Here’s how sterling will now trade as Britain breaks its Brexit deadlock

Here's how sterling will now trade as Britain breaks its Brexit deadlock

Prime Minister Boris Johnson and his partner Carrie Symonds enter Downing Street as the Conservatives celebrate a sweeping election victory on December 13, 2019 in London, England.

Peter Summers | Getty Images News | Getty Images

Sterling will go into the first quarter of 2020 with some upside potential, according to currency experts, after a landslide U.K. election victory for Prime Minister Boris Johnson’s Conservative Party.

The pound jumped more than 2% as the scale of the victory became apparent, after an initial exit poll projected a mammoth 86-seat Conservative majority, with cable eventually topping out at $1.3515.

Markets received a boost from the short-term certainty offered by Johnson being granted license to push his Brexit agreement through Parliament before the January 31 deadline.

However, currency strategists are expecting the surge to be contained as the U.K. enters the new and equally challenging phase of negotiating its future trading relationship with the bloc before the end of 2020.

Expectations are that the country’s economic fundamentals could return to focus alongside trade discussions in driving the activity of the pound in the new year.

New phase of uncertainty

The pound came off its overnight highs early in Friday’s European trading session to hover just above the $1.34 mark, suggesting investors are not counting their chickens that the result automatically leads to a Brexit resolution.

“In the short term, the pound should now have a fairly calm trading pattern through to the new year, providing some welcome respite to businesses and investors,” Sebastien Clements, currency analyst at OFX, told CNBC via email on Friday.

“However, the currency’s landscape over the next three months is less certain, and depends heavily on the 31st January Brexit deadline. If Boris Johnson’s deal is passed, we can expect another short rally in the pound, but after that date we are essentially entering the unknown.”
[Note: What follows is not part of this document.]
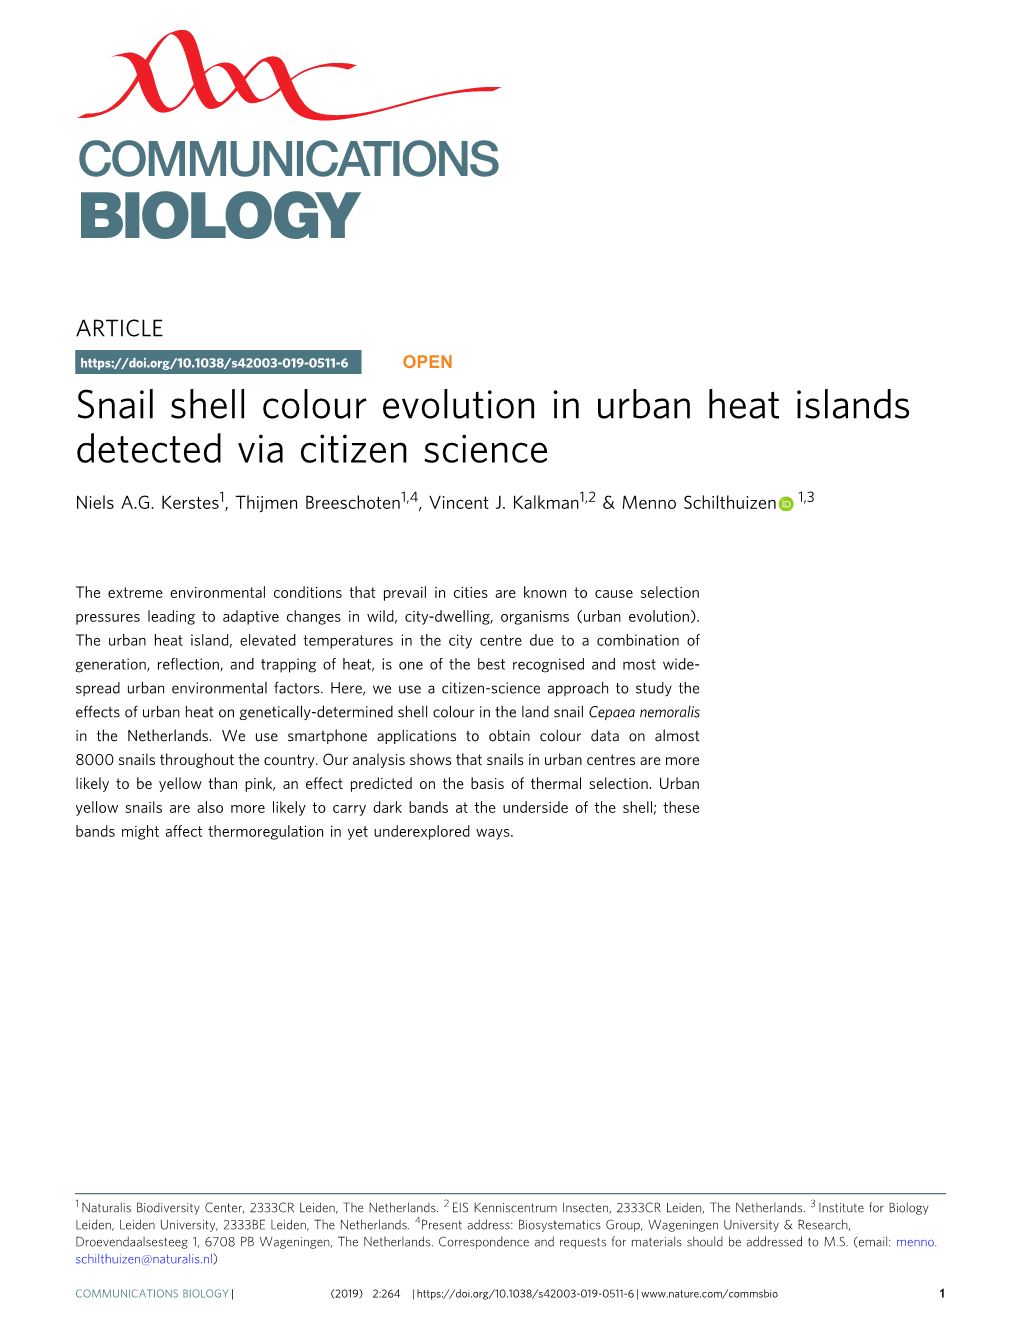 Snail Shell Colour Evolution in Urban Heat Islands Detected Via Citizen Science

Assuming Johnson’s deal passes next month, sterling will then be contingent on progress in the U.K.’s trade talks with the EU and other trading partners. Clements suggested that in the meantime, the currency may temporarily reattach itself to traditional economic data rather than Brexit headlines.

Tentative re-engagement

Goldman Sachs closed out its “long” recommendation for sterling as the pound reached the Wall Street giant’s near-term targets of $1.35 and 0.82 against the euro overnight, banking a hypothetical gain on its position of 3.1%.

“While we see a less compelling risk/reward proposition over the near-term, sterling may drift higher over the coming months as sidelined investors re-engage in U.K. assets,” Goldman analysts said in a note Friday.

The scale of Johnson’s majority means he is unlikely to be beholden to the hard euroskeptic faction of the Conservative Party, the ERG (European Research Group), in shaping Brexit policy in 2020. The ERG’s hold over the prime minister’s previous minority government was seen to be a key driver of divergence in attitudes between the U.K. and Brussels.

This election result may give Johnson license to bring the U.K. closer to the EU’s position on the future relationship than in previous negotiations, should he wish to do so. He still has a lot of work to do beyond the Brexit deadline, however.

UBS Wealth Management U.K. Economist Dean Turner said he expected Thursday night’s sharp sterling gains to hold, but to stagnate in early 2020.

“Looking ahead, we see little room for it to rally beyond 1.40, given continued uncertainty about the next stage of Brexit negotiations,” Turner commented via email Friday.

“Markets will be aware that the deadline for extending the transition period beyond the end of next year will be on 1 July, so Brexit headlines might still lead to further GBP moves.”

Don’t forget the economy

James Dowey, global equity fund manager at Liontrust Asset Management, suggested sterling may find it difficult to get beyond its current mid-$1.30s range in the medium term.

“While a way forward has at last been found, it is one that will very likely incur significant long-term economic costs so the bounce back will likely be limited in size and short-lived,” he said.

Dowey argued that the biggest headwind facing U.K. assets was not Brexit, but the productivity slowdown — the U.K. has seen a 90% decline in the rate of productivity growth over the past 10 years compared with the average across the previous four decades.

“Reduced foreign market access and competition — basic long-term aspects of Brexit — are likely to keep U.K. productivity growth fairly low, necessitating a continued focus on the financial soundness of U.K. companies for investors,” he added.

Oliver Harvey, U.K. macro and senior FX strategist at Deutsche Bank, said the election had distracted market attention from an “increasingly worrisome economic outlook,” with many recessionary warning signs flashing red.

“Unless the next government provides businesses with certainty the Brexit transition period will be extended beyond the end of 2020 and seek a closer economic relationship with the EU, we see limited prospects of a bounce-back in sentiment and investment,” Harvey commented in a note Friday.

“A related issue is whether, with a large majority, the government seeks a more-ambitious fiscal policy than outlined in its manifesto. As things currently stand, the U.K.’s fiscal impulse will be slightly negative next year.”